### Task directions
Give back the whole listing exactly as written, pictures excluded.

### Data below
▶

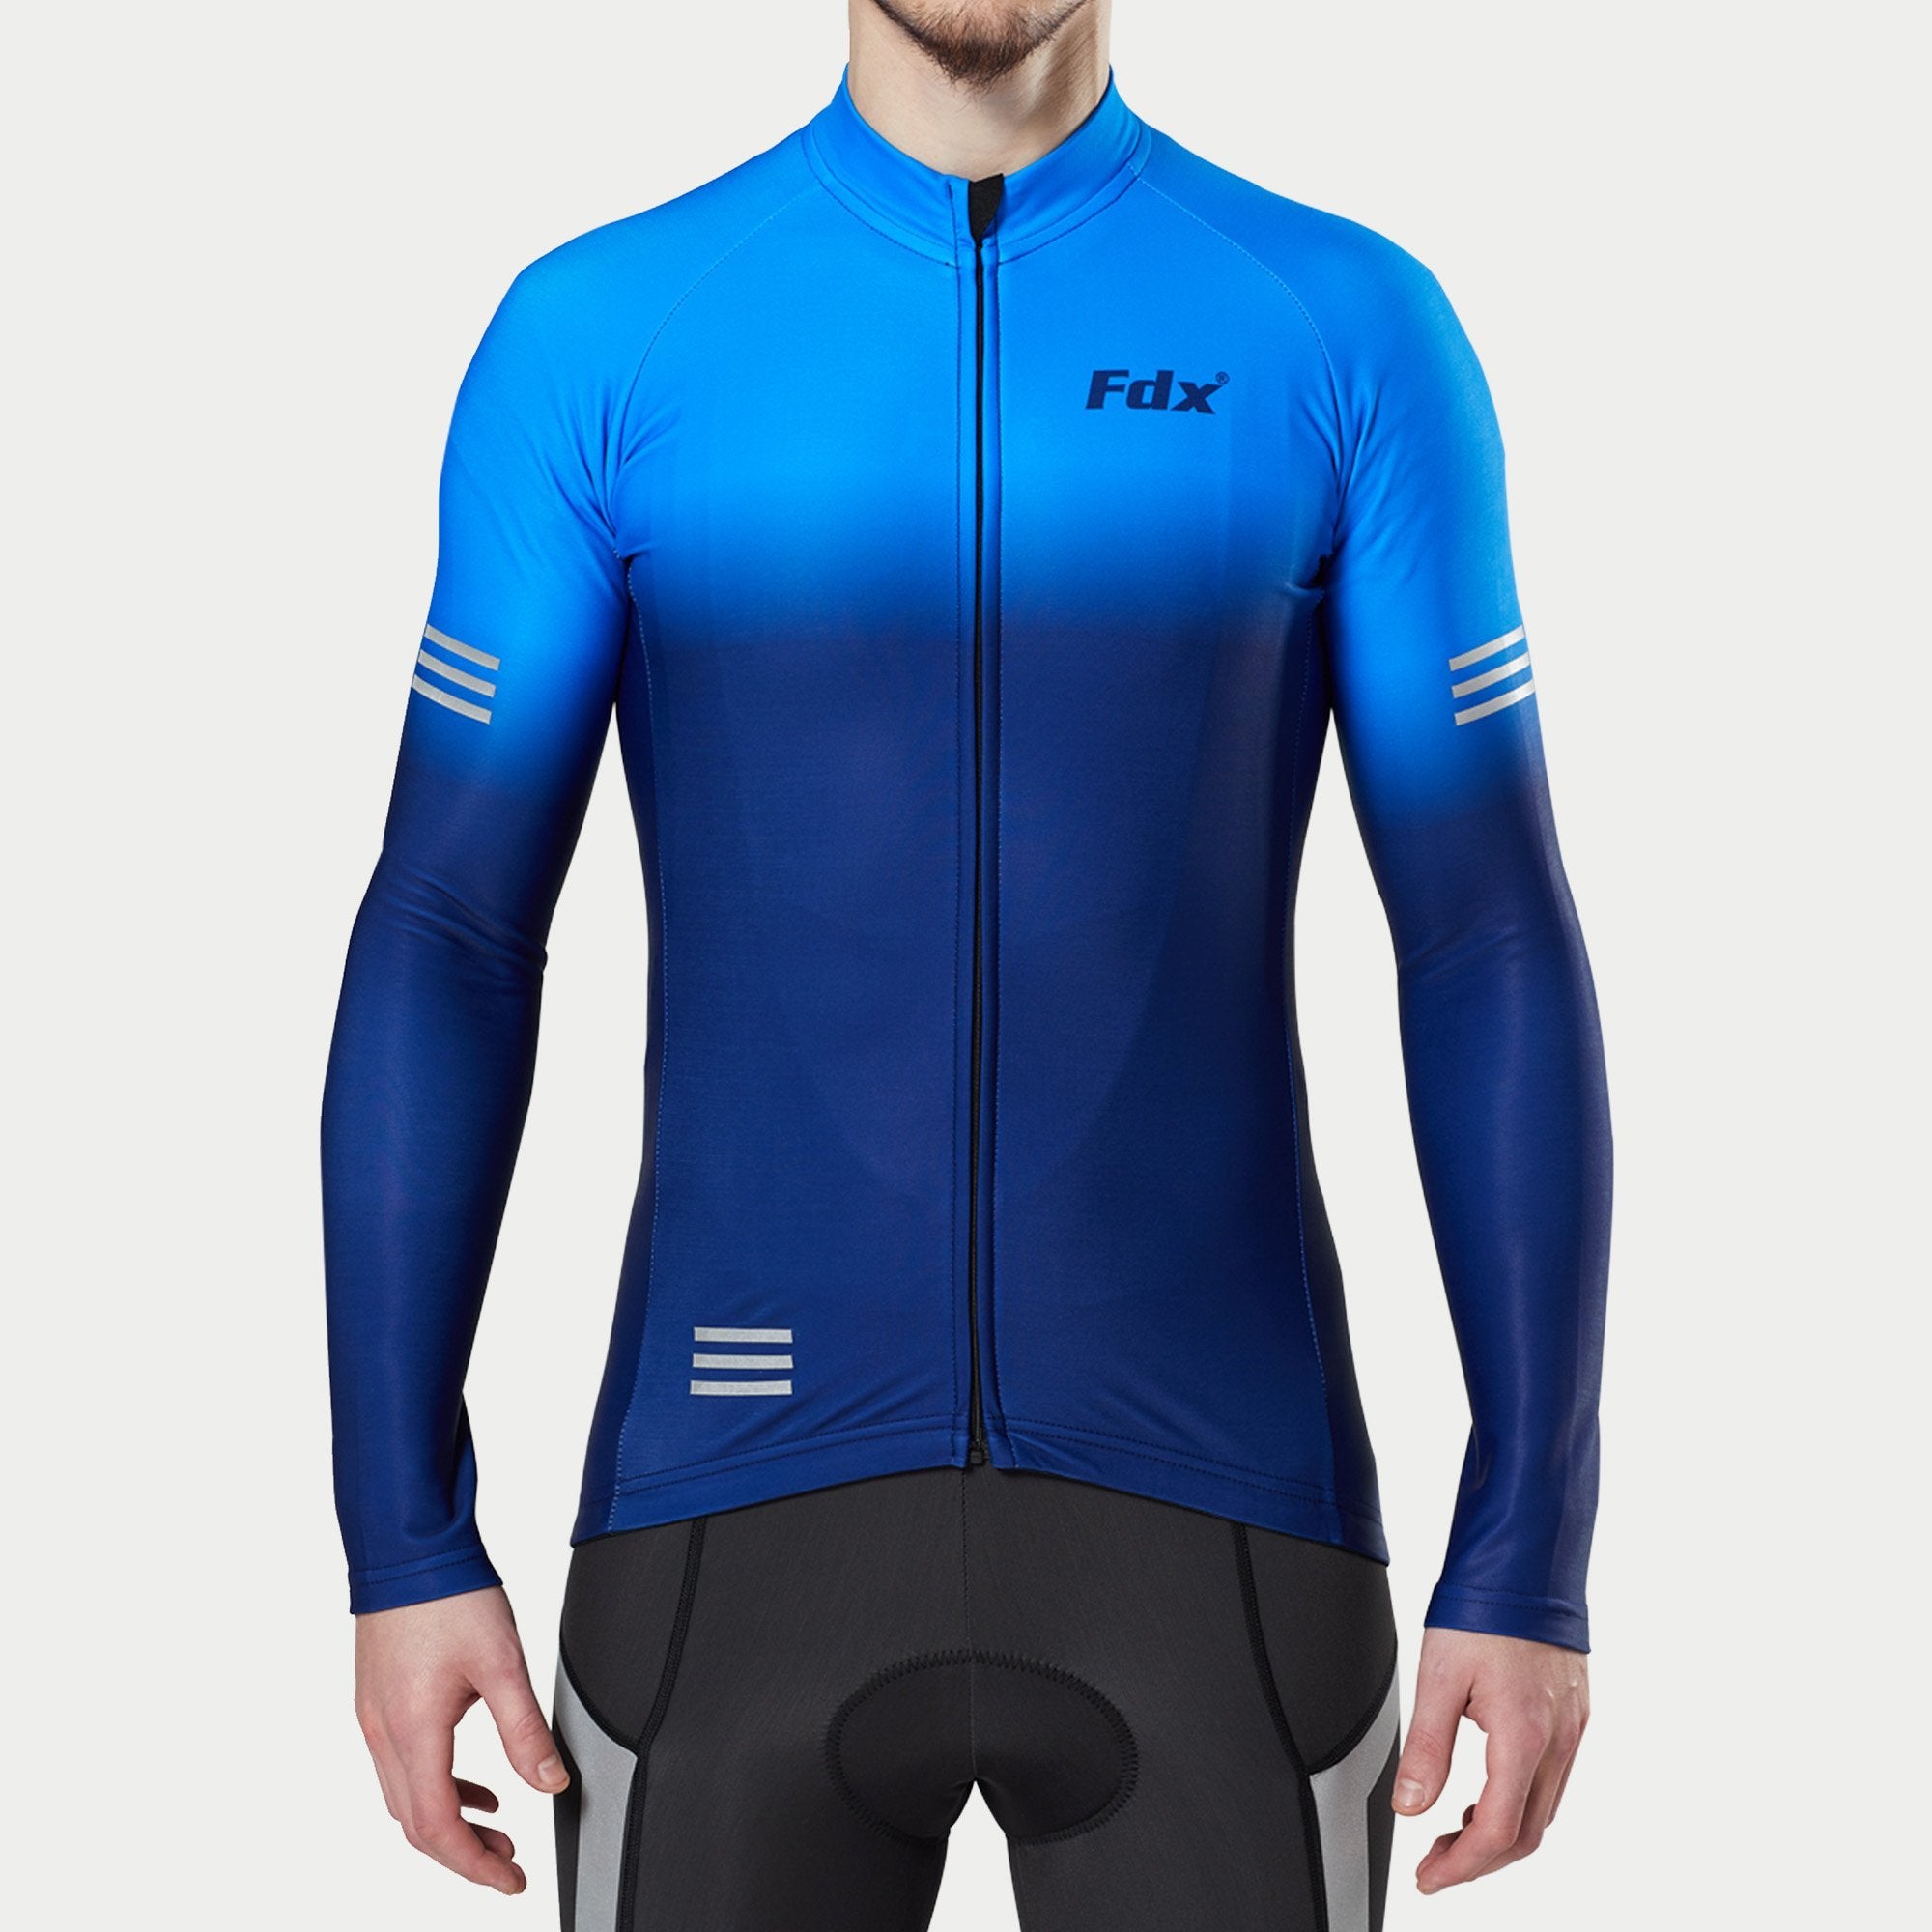 Fdx Men's Blue Best Long Sleeve Cycling Jersey for Winter Roubaix Thermal Fleece Road Bike Wear Top Full Zipper, Pockets & Hi viz Reflectors - Duo
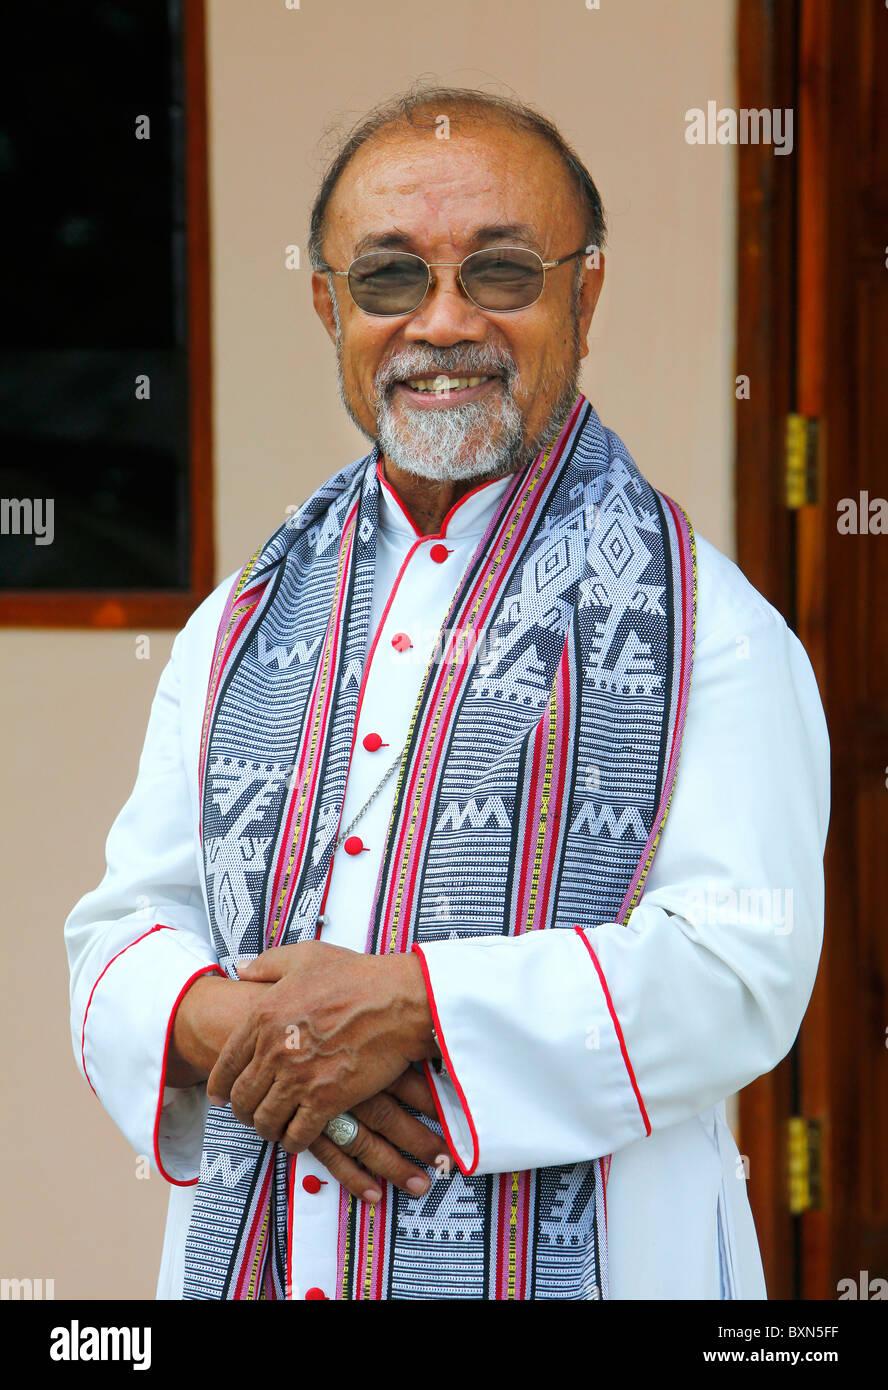 roman catholic Bishop Dom Ricardo Da Silva, Dili, Timor Leste (East Timor) Stock Photo
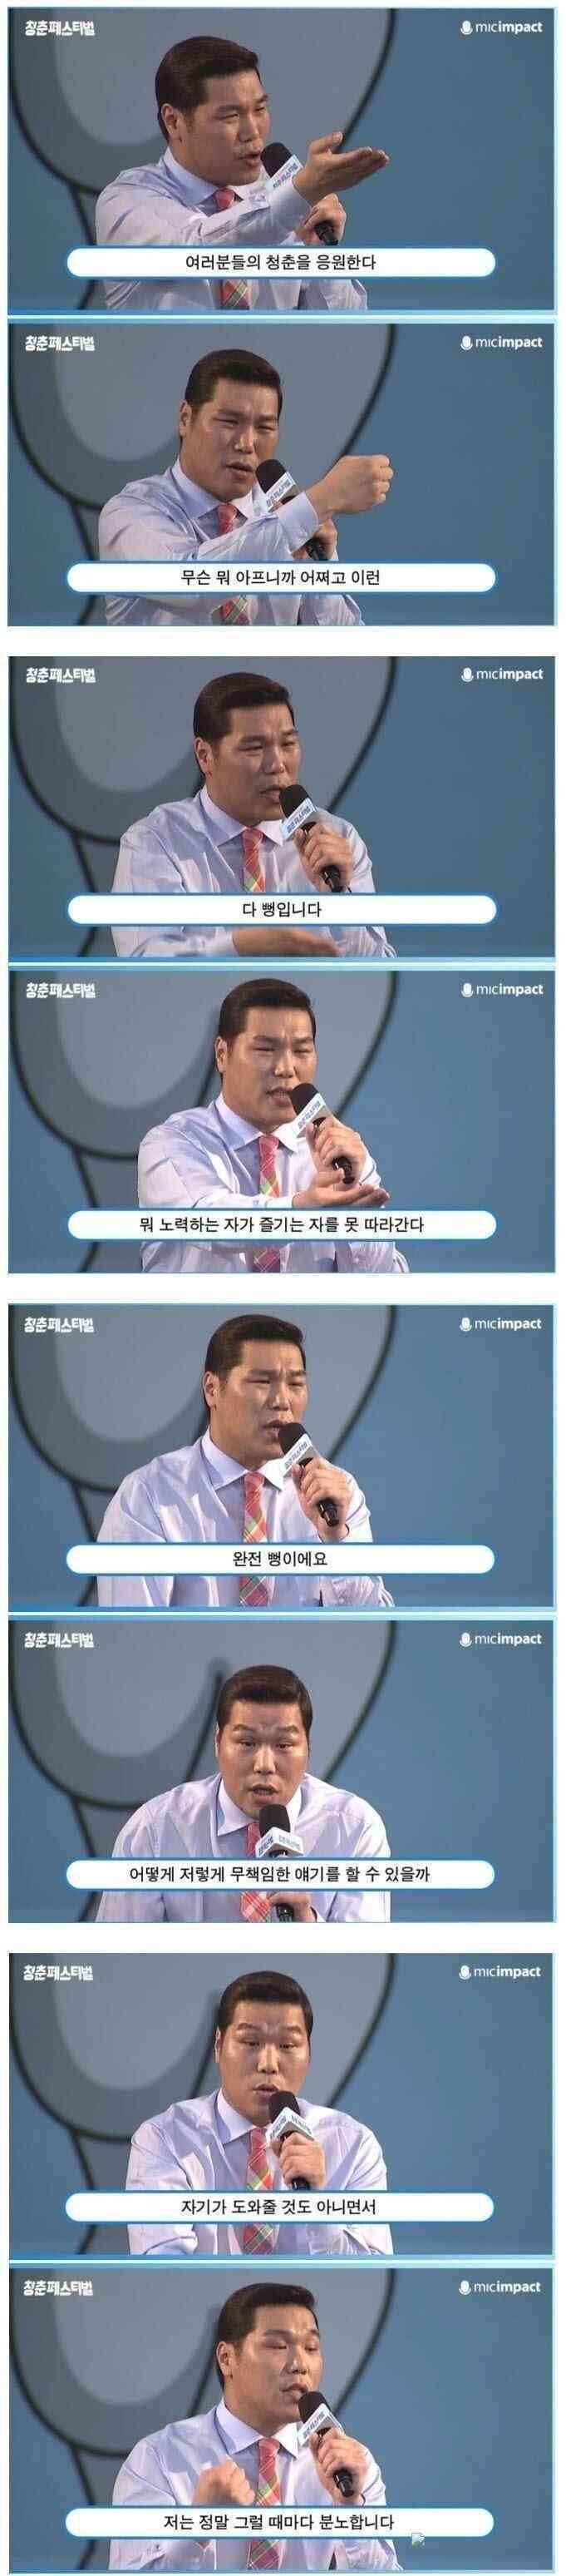 김제동과 서장훈의 강연 차이 ㄷㄷ.jpg

◀

### The completed task
 Fdx Men's Blue Best Long Sleeve Cycling Jersey for Winter Roubaix Thermal Fleece Road Bike Wear Top Full Zipper, Pockets & Hi viz Reflectors - Duo
 roman catholic Bishop Dom Ricardo Da Silva, Dili, Timor Leste (East Timor) Stock Photo
 김제동과 서장훈의 강연 차이 ㄷㄷ.jpg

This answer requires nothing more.